In integer programming what's the difference between using lower upper bound constraints and using a big M constraints?

Question

I've noticed that for integer programming models with binary variables some use upper bound constraints and others use big M constraints in order to have two mutually exclusive choices.

I have trouble understanding the difference and when to use one instead of the other?

Example of a lower upper bound constraint assuming $y$ to be a binary variable : $x \leq 3y$

From this constraint I understand that x can be at most $= 3$ if $y = 1$ otherwise $x \leq 0$. However usually we have non-negativity constraints so $x = 0$ in this case.

Example of a big M constraint assuming $y$ to be a binary variable : $x_1 + x_2 + x_3 \leq 15 + M(1-y)$.

I understand that the expression at the left of the inequation can either be $\leq 15$ when $y = 1$ or $\leq \infty$. The latter suggest that we can have any values we want for left side.

Answer 1

As Sune said in a comment, they really are both "big-M" constraints, differing (perhaps) in how "big" $M$ is. If you choose $M$ sufficiently large, then yes, your second constraint will not meaningfully limit the values of the $x$ variables ... which likely is by design.

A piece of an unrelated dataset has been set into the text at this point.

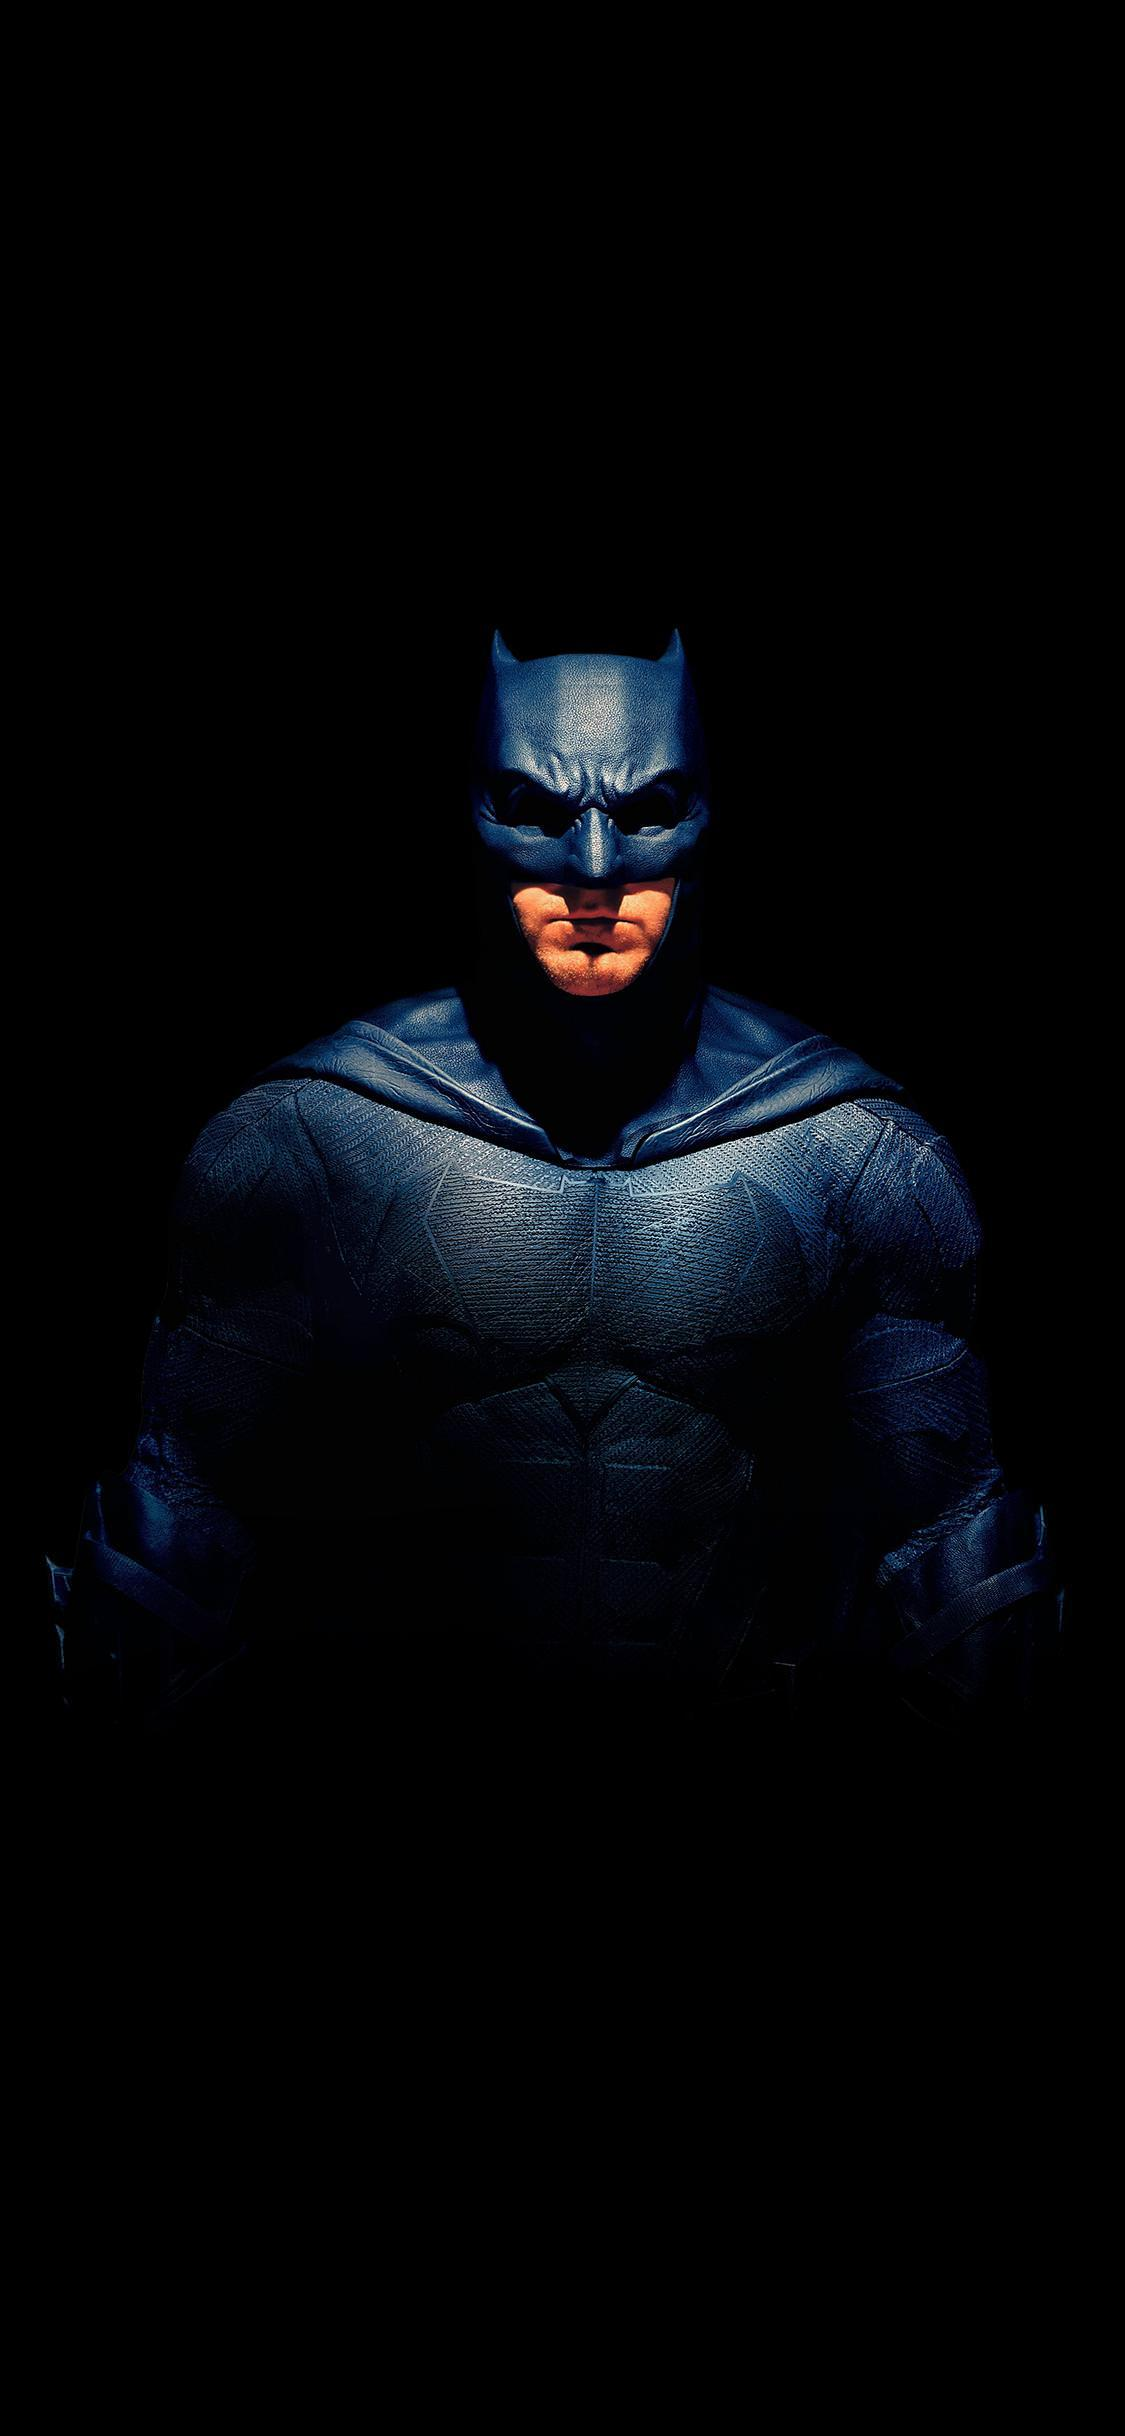 iPhone Batman Wallpapers - Wallpaper Cave

Other constraints in the model will probably restrict the values of those variables. For instance, your constraint might mean that shipments to three customers (left side) are limited to 15 units if being sent by air freight ($y=1$). If being sent via ground transportation ($y=0$), this constraint does limit shipments to those customers ... but something else (supply, demand) will.

Also, the $\le \infty$ part is not entirely correct. There is a misconception, fostered in part by textbook authors who do not want to spend time or energy explaining how to choose values of $M$, that in a "big-M" constraint $M$ is a stand-in for infinity. In practice, it should be as small as possible subject to the requirement that when $y=0$ the constraint becomes nonbinding. So, continuing my example, I would choose $M$ to be the smaller of supply for whatever is in the constraint or combined demand of the three customers. That implies that the left side when $y=0$ would not be unconstrained; it just would not be constrained enough to rule out valid choices. Choosing a stupid-large value for $M$ can result in numerical stability problems leading to incorrect answers from solvers.